Modernism – Bauhaus

11th October 2022

This was a good one for me, I think because although I have heard of Bauhaus in passing, it’s influence and legacy has never really been something that I have considered in depth. Although I’ve always loved art, I am late to to learning about it and evaluating it and understanding the importance of art as the world changed between the two world wars.

It is interesting to understand the roles assigned to the women of the Bauhaus, in the main they were very traditional. It’s also interesting when the school had to close, how they went on and influenced other schools like the Black Mountain College. I never knew that Kadinsky was involved in teaching colour studies to Bauhaus students. I researched his art last year when I did a small project on synesthesia, music in art. He is a name that keeps coming up in my studies. Another is Joseph Albers, whose wife Annie was also a colour theory teacher.

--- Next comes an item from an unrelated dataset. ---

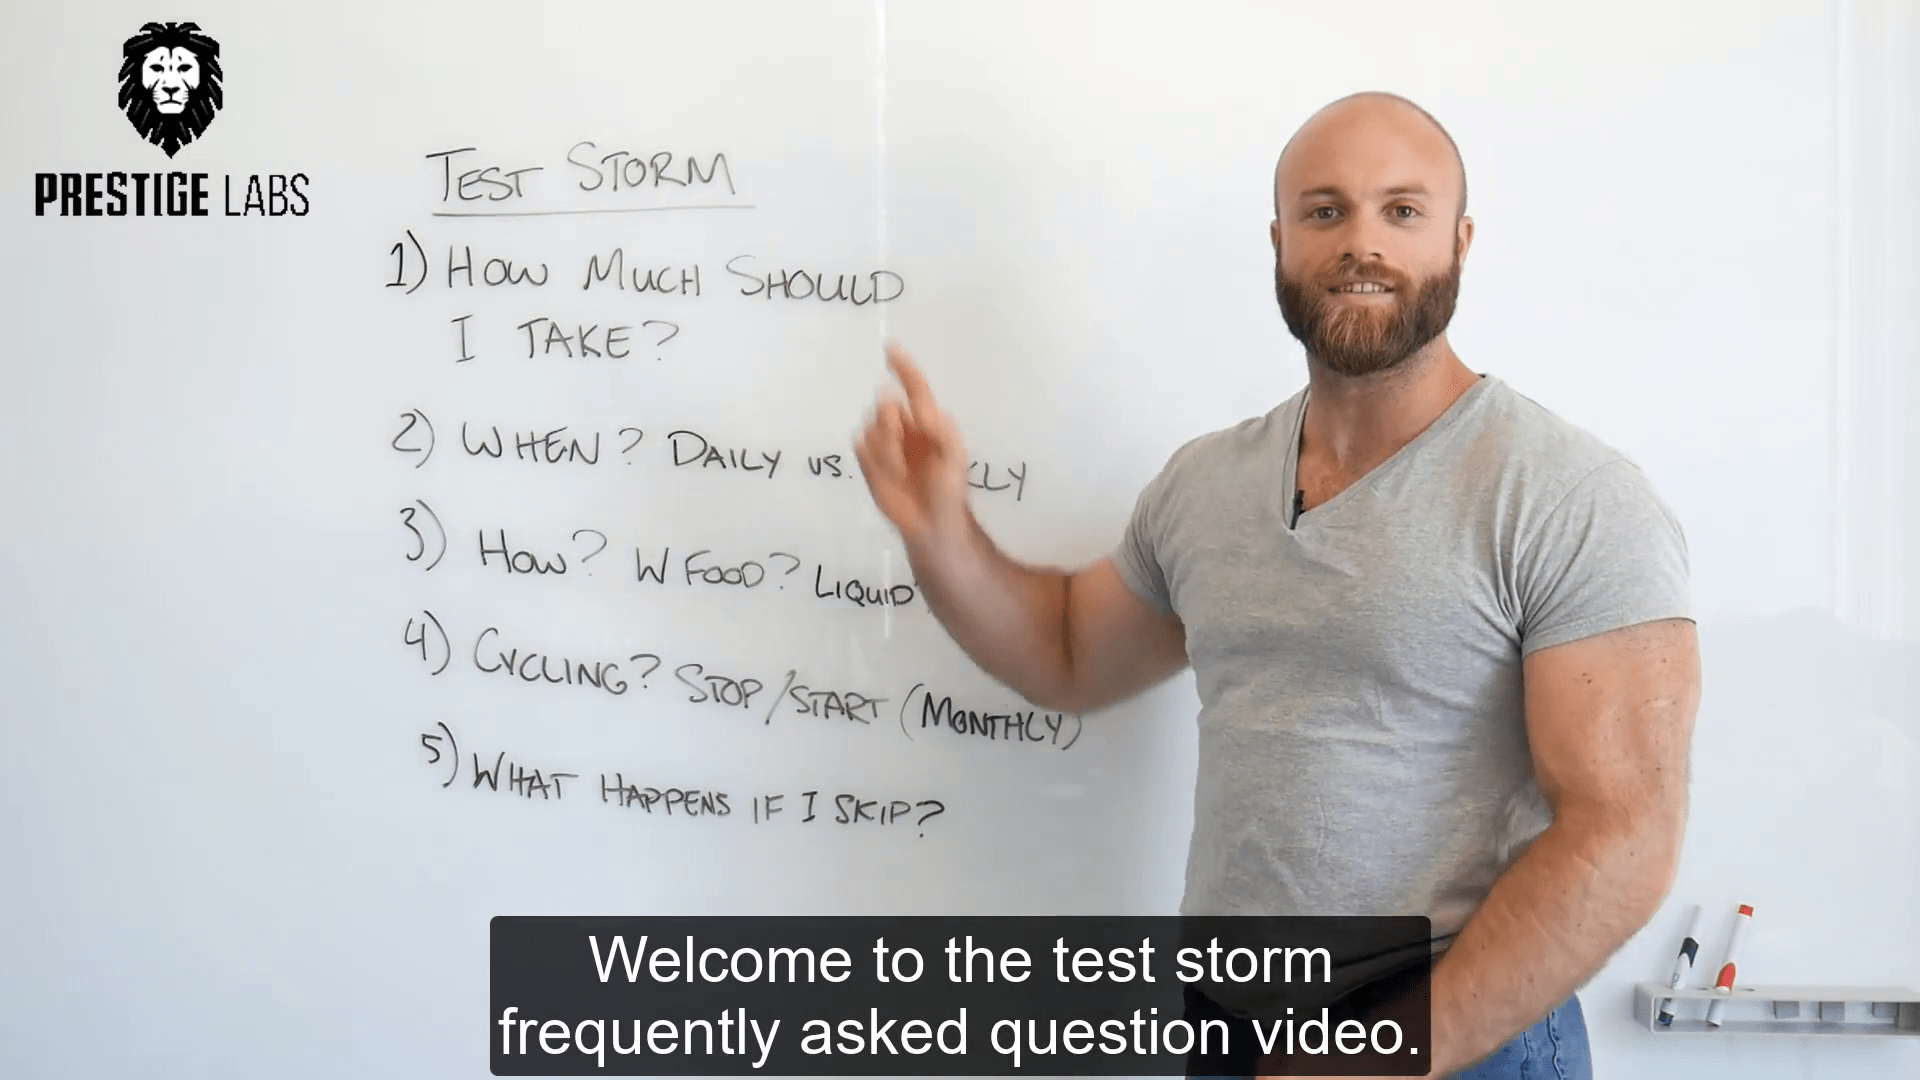 TEST STORM - How to Take:

What the Bauhaus school did was unify art and craft using technology, wanting and promoting change for the better. For the first time art and design were being taught together and it brought out lots of new representation. It incorporated modernism and optimism and had international appeal.

Joseph and Annie Albers taught at the Black Mountain College of Art, in North Caroline. The students there also had a strong commitment to study design and art. Jackson Pollock, Rochenberg, Lloyd Cunningham all had links to the summer school at Black Mountain. American Modernism, Abstract Expressionists all tie back to ideas and lessons that originated from the Bauhaus School and its teachers and students.